Save models and write inference results. Also fix a flipped sign in BCE loss, and fix some small problems in agile modeling notebook.

hoplite/agile/2_agile_modeling_v2.ipynb

@@ -10,15 +10,19 @@
       "source": [
         "#@title Imports. { vertical-output: true }\n",
         "\n",
-        "import numpy as np\n",
+        "import os\n",
+        "\n",
         "from matplotlib import pyplot as plt\n",
+        "import numpy as np\n",
         "\n",
         "from hoplite.agile import audio_loader\n",
         "from hoplite.agile import classifier\n",
         "from hoplite.agile import classifier_data\n",
         "from hoplite.agile import embedding_display\n",
+        "from hoplite.agile import source_info\n",
         "from hoplite.db  import brutalism\n",
         "from hoplite.db import score_functions\n",
+        "from hoplite.db  import search_results\n",
         "from hoplite.db import sqlite_usearch_impl\n",
         "from hoplite.zoo import model_configs\n"
       ]
@@ -40,13 +44,18 @@
         "\n",
         "db = sqlite_usearch_impl.SQLiteUsearchDB.create(db_path)\n",
         "db_model_config = db.get_metadata('model_config')\n",
-        "embed_config = db.get_metadata('embed_config')\n",
+        "embed_config = db.get_metadata('audio_sources')\n",
         "model_class = model_configs.MODEL_CLASS_MAP[db_model_config.model_key]\n",
         "embedding_model = model_class.from_config(db_model_config.model_config)\n",
-        "\n",
+        "audio_sources = source_info.AudioSources.from_config_dict(\n",
+        "    embed_config.audio_sources)\n",
+        "if hasattr(embedding_model, 'window_size_s'):\n",
+        "  window_size_s = embedding_model.window_size_s\n",
+        "else:\n",
+        "  window_size_s = 5.0\n",
         "audio_filepath_loader = audio_loader.make_filepath_loader(\n",
-        "    audio_globs=embed_config.audio_globs,\n",
-        "    window_size_s=embedding_model.window_size_s,\n",
+        "    audio_sources=audio_sources,\n",
+        "    window_size_s=window_size_s,\n",
         "    sample_rate_hz=embedding_model.sample_rate,\n",
         ")"
       ]
@@ -94,28 +103,35 @@
         "num_results = 50  #@param\n",
         "query_embedding = embedding_model.embed(\n",
         "    query.get_audio_window()).embeddings[0, 0]\n",
-        "#@markdown Number of (randomly selected) database entries to search over.\n",
-        "sample_size = 1_000_000  #@param\n",
         "\n",
         "#@markdown If checked, search for examples\n",
         "#@markdown near a particular target score.\n",
         "target_sampling = False  #@param {type: 'boolean'}\n",
         "\n",
         "#@markdown When target sampling, target this score.\n",
         "target_score = -1.0  #@param\n",
-        "\n",
         "if not target_sampling:\n",
         "  target_score = None\n",
-        "score_fn = score_functions.get_score_fn('dot', target_score=target_score)\n",
-        "results, all_scores = brutalism.threaded_brute_search(\n",
-        "    db, query_embedding, num_results, score_fn=score_fn,\n",
-        "    sample_size=sample_size)\n",
         "\n",
-        "# TODO(tomdenton): Better histogram when target sampling.\n",
-        "_ = plt.hist(all_scores, bins=100)\n",
-        "hit_scores = [r.sort_score for r in results.search_results]\n",
-        "plt.scatter(hit_scores, np.zeros_like(hit_scores), marker='|',\n",
-        "            color='r', alpha=0.5)\n"
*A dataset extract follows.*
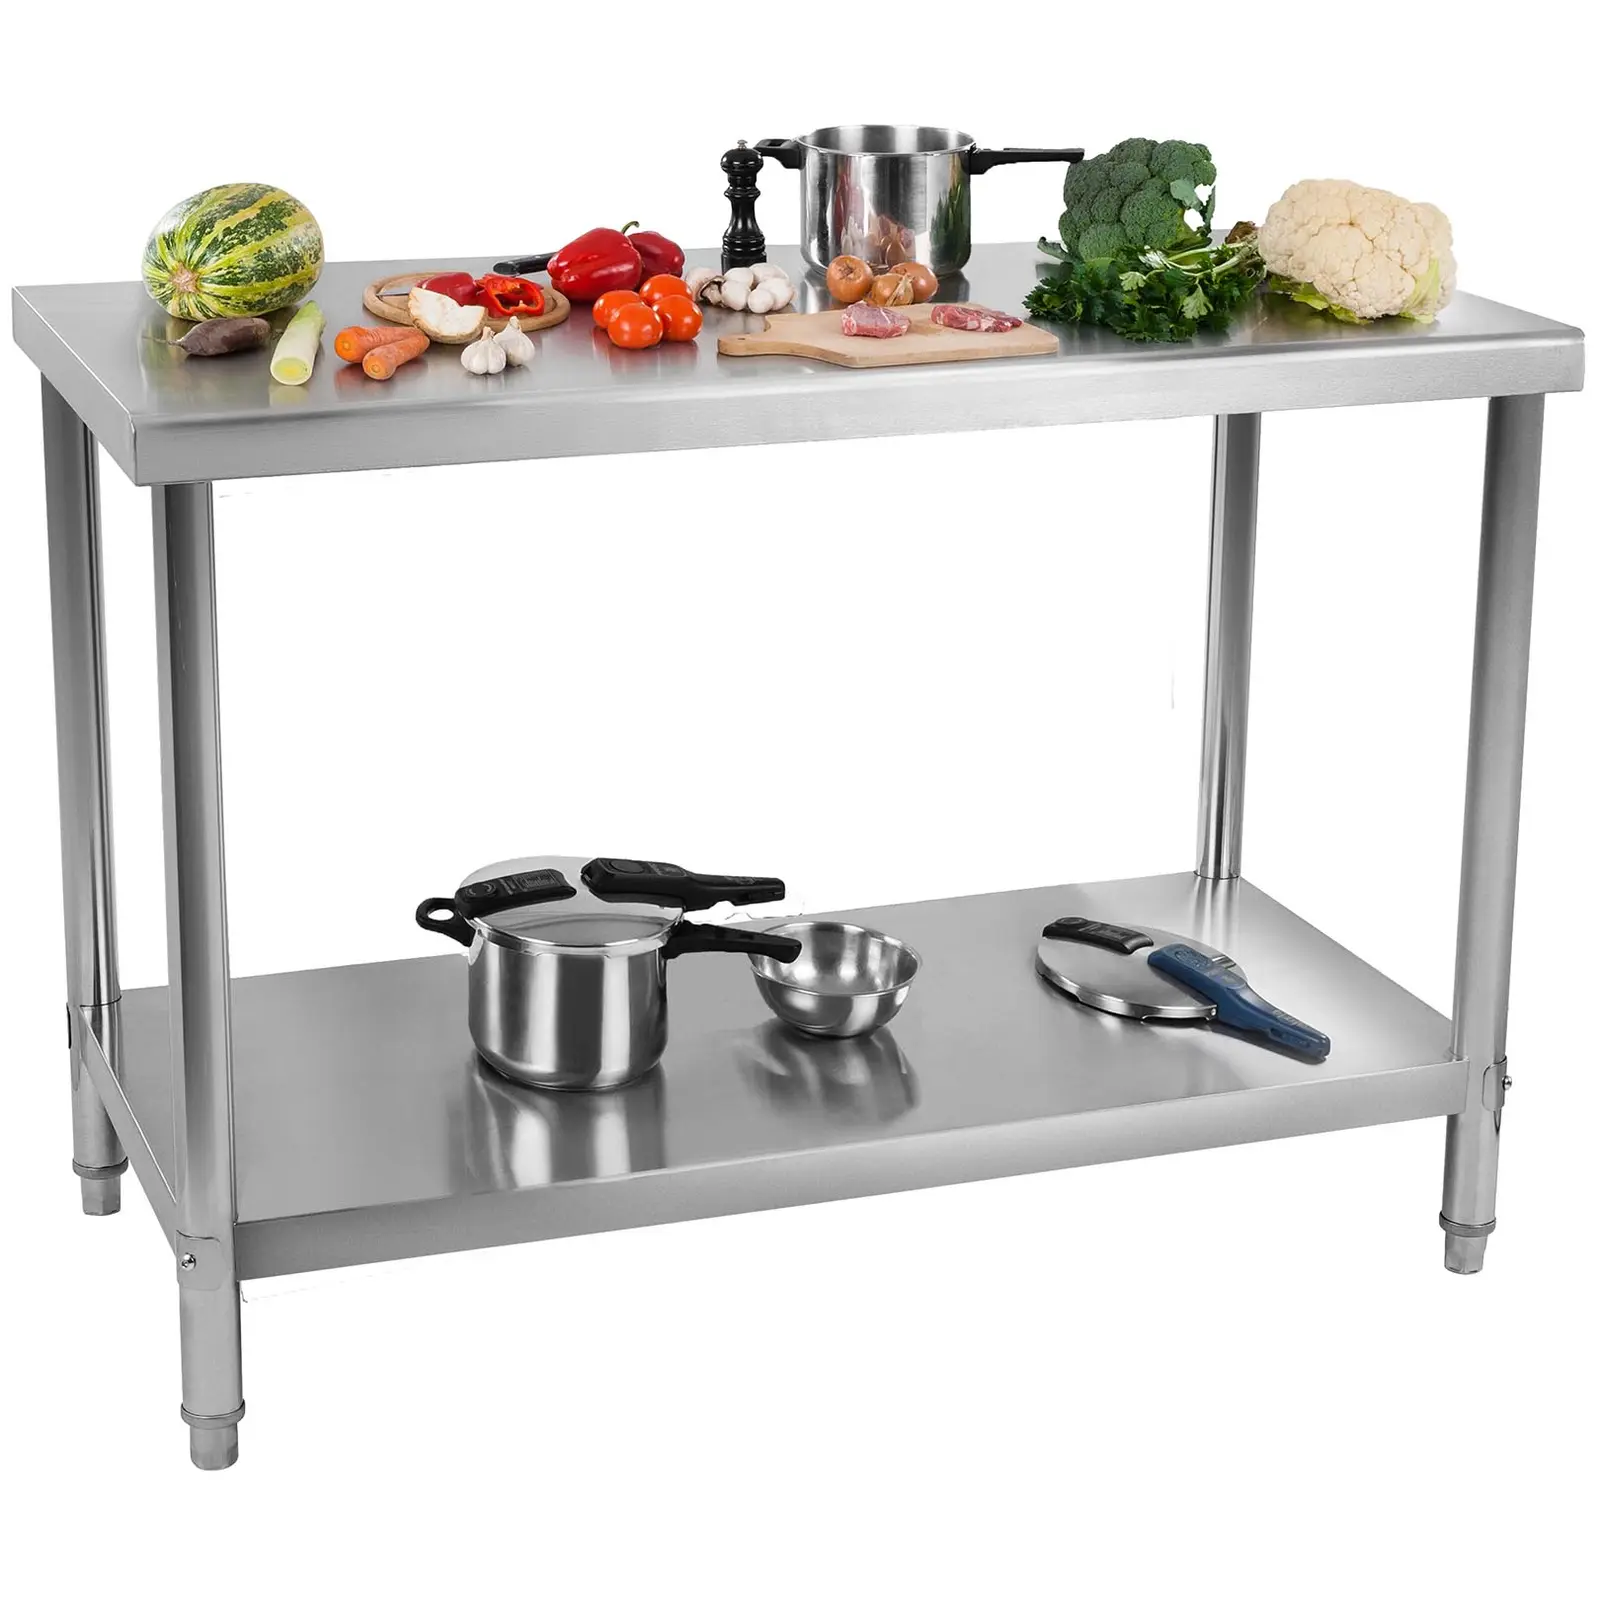 Nerezový pracovní stůl 100 x 60 cm nosnost 114 kg - Gastro pracovní stoly Royal Catering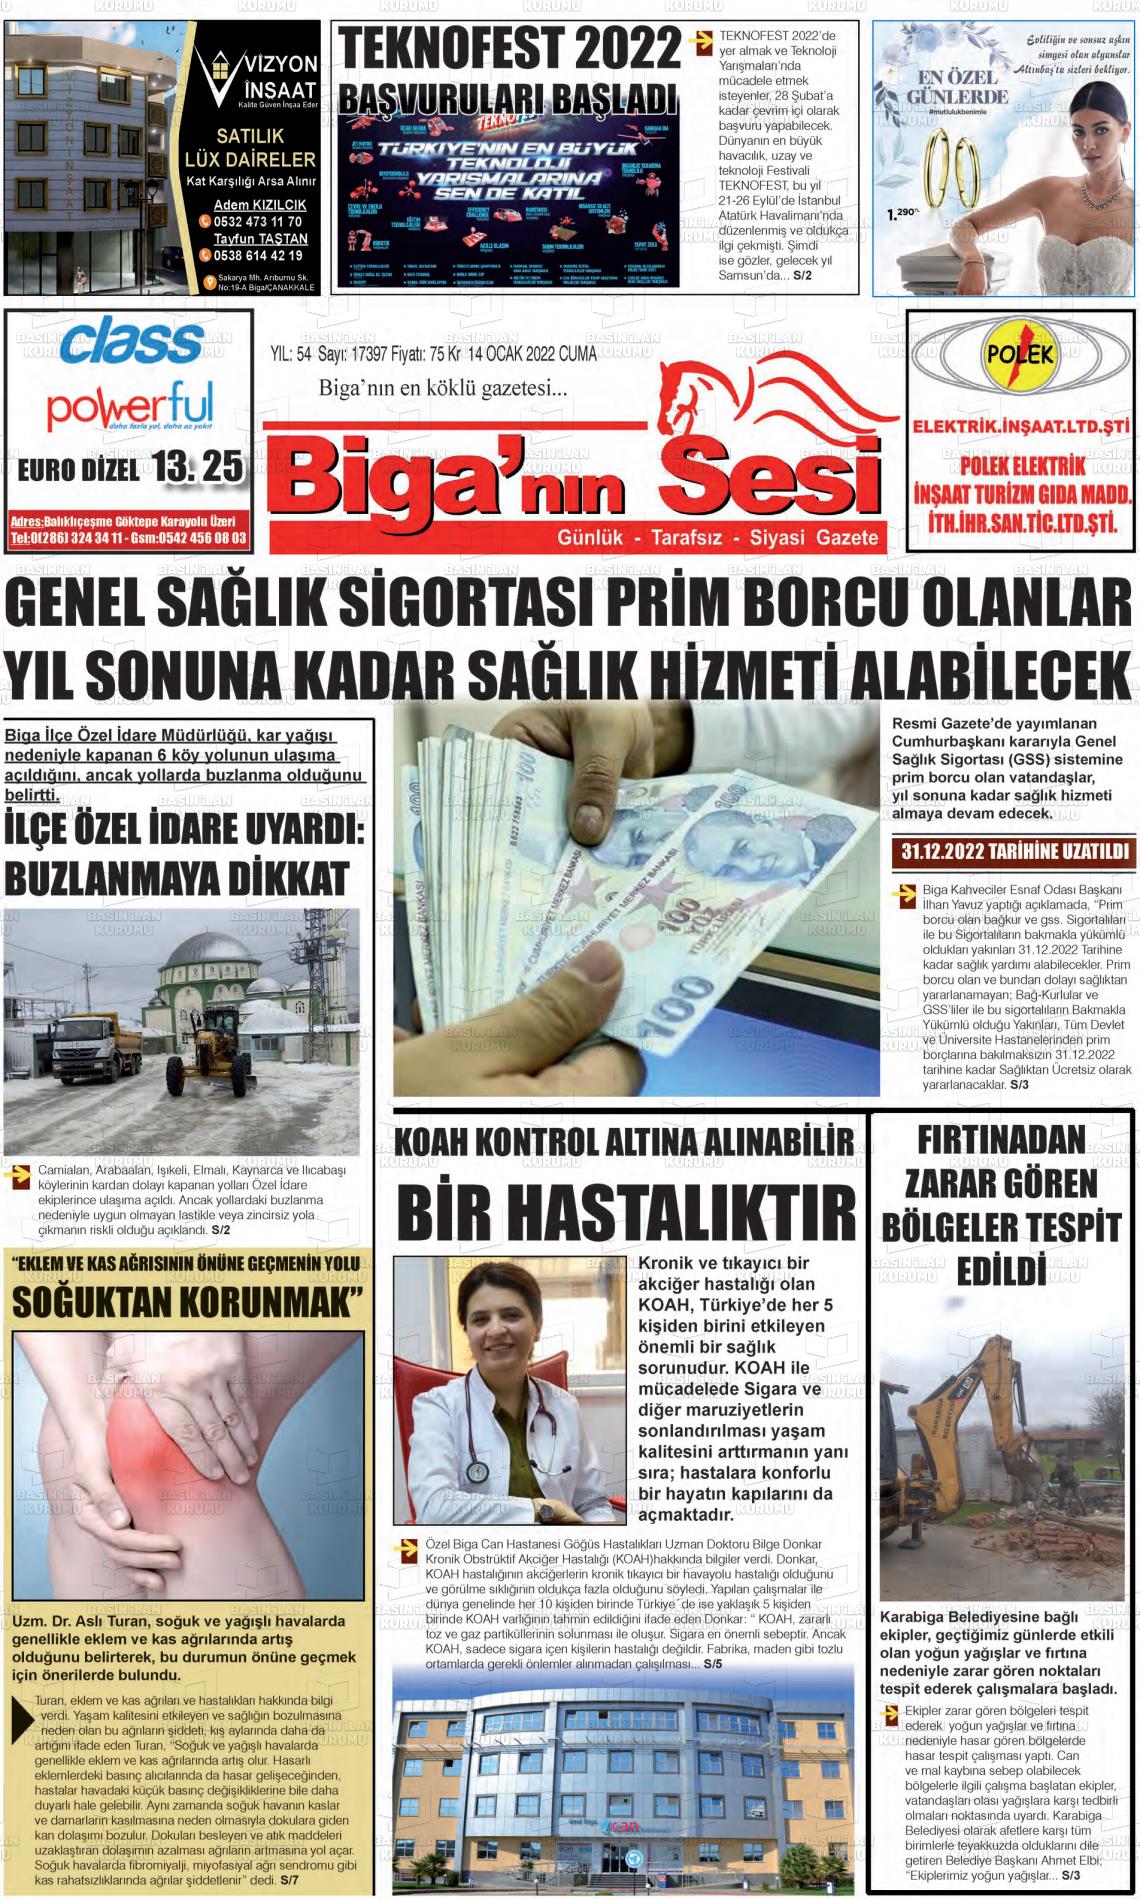 14 Ocak 2022 Biga'nın Sesi Gazete Manşeti

+        "#@markdown If True, search the full DB. Otherwise, use approximate\n",
+        "#@markdown nearest-neighbor search.\n",
+        "exact_search = False  #@param {type: 'boolean'}\n",
+        "\n",
+        "if exact_search:\n",
+        "  target_score = None\n",
+        "  score_fn = score_functions.get_score_fn('dot', target_score=target_score)\n",
+        "  results, all_scores = brutalism.threaded_brute_search(\n",
+        "      db, query_embedding, num_results, score_fn=score_fn)\n",
+        "  # TODO(tomdenton): Better histogram when target sampling.\n",
+        "  _ = plt.hist(all_scores, bins=100)\n",
+        "  hit_scores = [r.sort_score for r in results.search_results]\n",
+        "  plt.scatter(hit_scores, np.zeros_like(hit_scores), marker='|',\n",
+        "              color='r', alpha=0.5)\n",
+        "else:\n",
+        "  ann_matches = db.ui.search(query_embedding, count=num_results)\n",
+        "  results = search_results.TopKSearchResults(top_k=num_results)\n",
+        "  for k, d in zip(ann_matches.keys, ann_matches.distances):\n",
+        "    results.update(search_results.SearchResult(k, d))\n"
       ]
     },
     {
@@ -175,7 +191,7 @@
         "#@markdown Set of labels to classify. If None, auto-populated from the DB.\n",
         "target_labels = None  #@param\n",
         "\n",
-        "#@markdown Classifier traning params. These should not require tuning.\n",
+        "#@markdown Classifier traning hyperparams. These should not require tuning.\n",
         "learning_rate = 1e-3  #@param\n",
         "weak_neg_weight = 0.05  #@param\n",
         "l2_mu = 0.000  #@param\n",
@@ -196,21 +212,22 @@
         "    rng=np.random.default_rng(seed=5))\n",
         "print('Training for target labels : ')\n",
         "print(data_manager.get_target_labels())\n",
-        "params, eval_scores = classifier.train_linear_classifier(\n",
+        "linear_classifier, eval_scores = classifier.train_linear_classifier(\n",
         "    data_manager=data_manager,\n",
         "    learning_rate=learning_rate,\n",
         "    weak_neg_weight=weak_neg_weight,\n",
-        "    l2_mu=l2_mu,\n",
         "    num_train_steps=num_steps,\n",
-        "    loss_name=loss_fn_name,\n",
         ")\n",
         "print('\\n' + '-' * 80)\n",
         "top1 = eval_scores['top1_acc']\n",
         "print(f'top-1      {top1:.3f}')\n",
         "rocauc = eval_scores['roc_auc']\n",
         "print(f'roc_auc    {rocauc:.3f}')\n",
         "cmap = eval_scores['cmap']\n",
-        "print(f'cmap       {cmap:.3f}')"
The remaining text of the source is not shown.